Bachelor Kisses by Nick Earle
Very funny, very clever Aust novel with a medical bent.
The Battle for the North Island of NZ by Peter Maxwell
Covers the wars of the 1860s. Very readable and well researched. I liked the lot *except* for the bizarre attacks on "the Professor" (Belich) - a few too many bees in the old bonnet and too much time devoted to justifying their buzz. Still, amateur historians are some of my favourite people, and I LOVE this guy's passion.
Captain Cook by Vanessa Collingridge
Interesting life story of the Yorkshireman, with the author's great grandpappy thrown in to diferentiate it from a million other Cook books. I found a massive foli-sized book of grandpappy's maps later, after reading this, that brought out the nerd in me in SO many ways!
The Dark is Rising by Susan Cooper
Getting into this kiddie fiction gig. I read this as a kid too.
Wizard of Earthsea (I-IV) by Ursula LeGuin
Thought I'd give another kiddie fiction book a go. I read this as a kid meself and enjoyed it. Good the second time through too, though taking itself all a little too seriously. Book IV becomes hilariously feminist.
Harry V by JK Rowling
Still great. Good on ya JK.
Unknown Lands by Fran谩s Bellec
("Log Books of the Great Explorers") Large-format illustrated history of European exploration. Magnificent colour images and old maps tho' rather poorly written.
In a Sunburned Country by Bill Bryson
Very clever writer.

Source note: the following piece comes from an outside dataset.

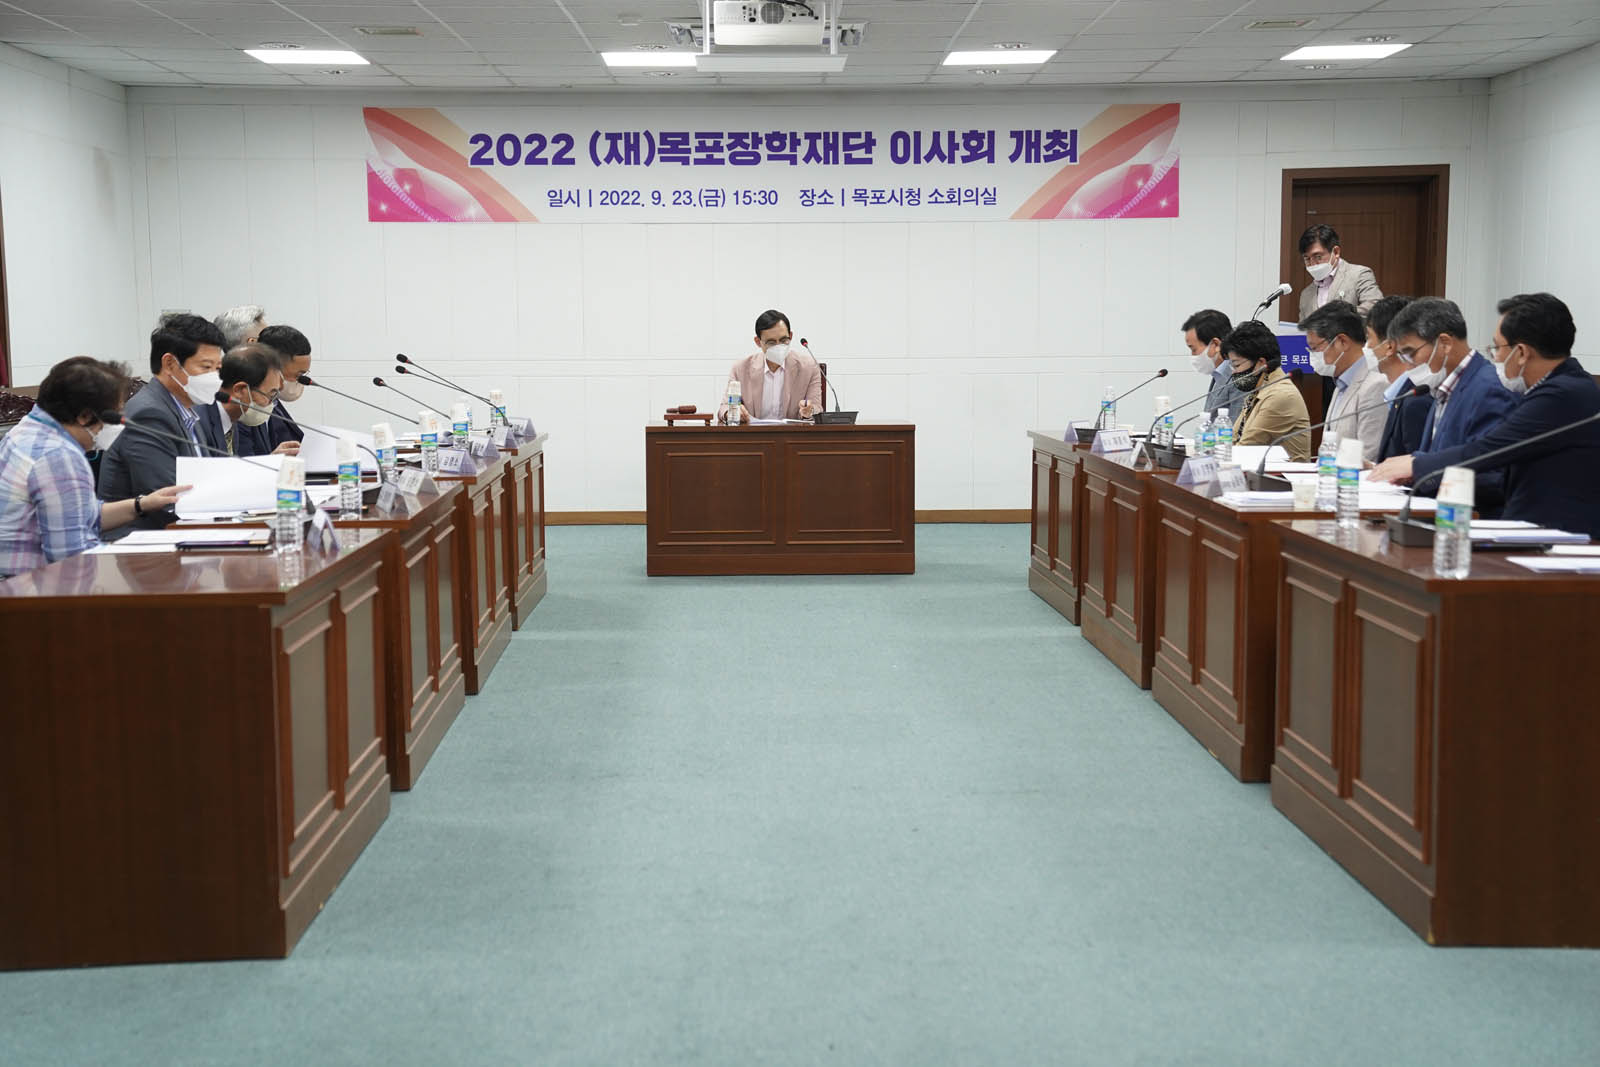 (09.23.소회의실) 장학재단 임시 이사회의
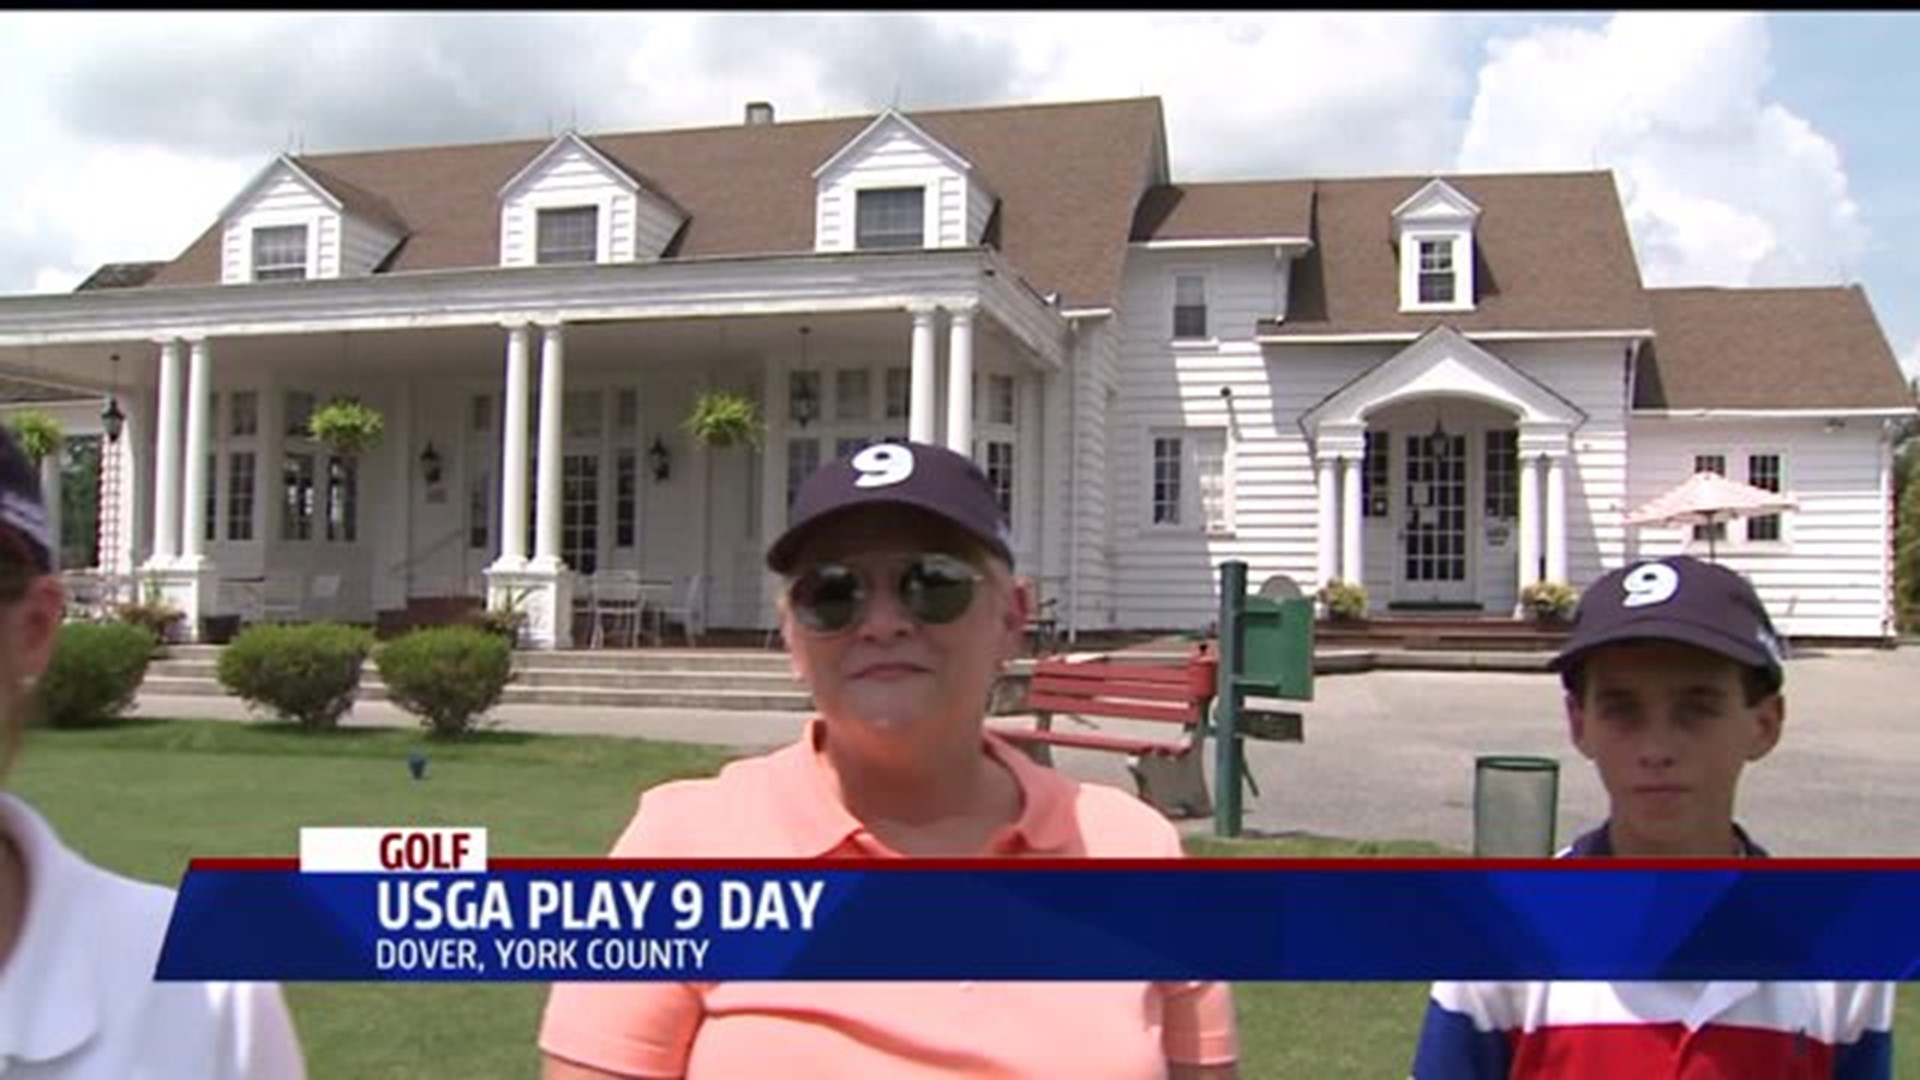 USGA Play 9 Day

Very funny and, surprisingly, one of the better 'potted histories' of Australia I've read.
No Shitting in the Toilet by Peter Moore
Backpackers' humour. Funny stuff but could have been a third shorter.
Harry Potter III and IV by JK Rowling
Second time through.
Kidnapped by RLS
Many a mickle makes a muckle.
The Tournament by John Clarke
Very peculiar. (And makes one feel very poorly read.)
The Searchers by Alan Le May
You wouldn't get away with hanging poo on noble Amerindians like that these days.
Lime Bar by Matt Condon
Magnificent Sydneysider fiction with an healthy respect for the perfect G&T (and the man who serves it).
A Cook's Tour by Anthony Bourdain
Travel and food (and belligerance, and diatribes, and humour...).
Where's Waari edited by Witi Ihimaera
Great compilation - even the stories you don't enjoy tell part of the story.
The Power of One by Bryce Courtney
Surprisingly good for a rah-rah book.
Hitch-hikers' Guide by Douglas Adams
Nth time through. Still ace.
All the Weyrs of Pern by Anne McCaffrey
Ho hum. Brain to 'off'.
Dogside Story by Patricia Grace
A bit up and down - starts with a hiss and a roar, then struggles around halftime, but gripping by the end.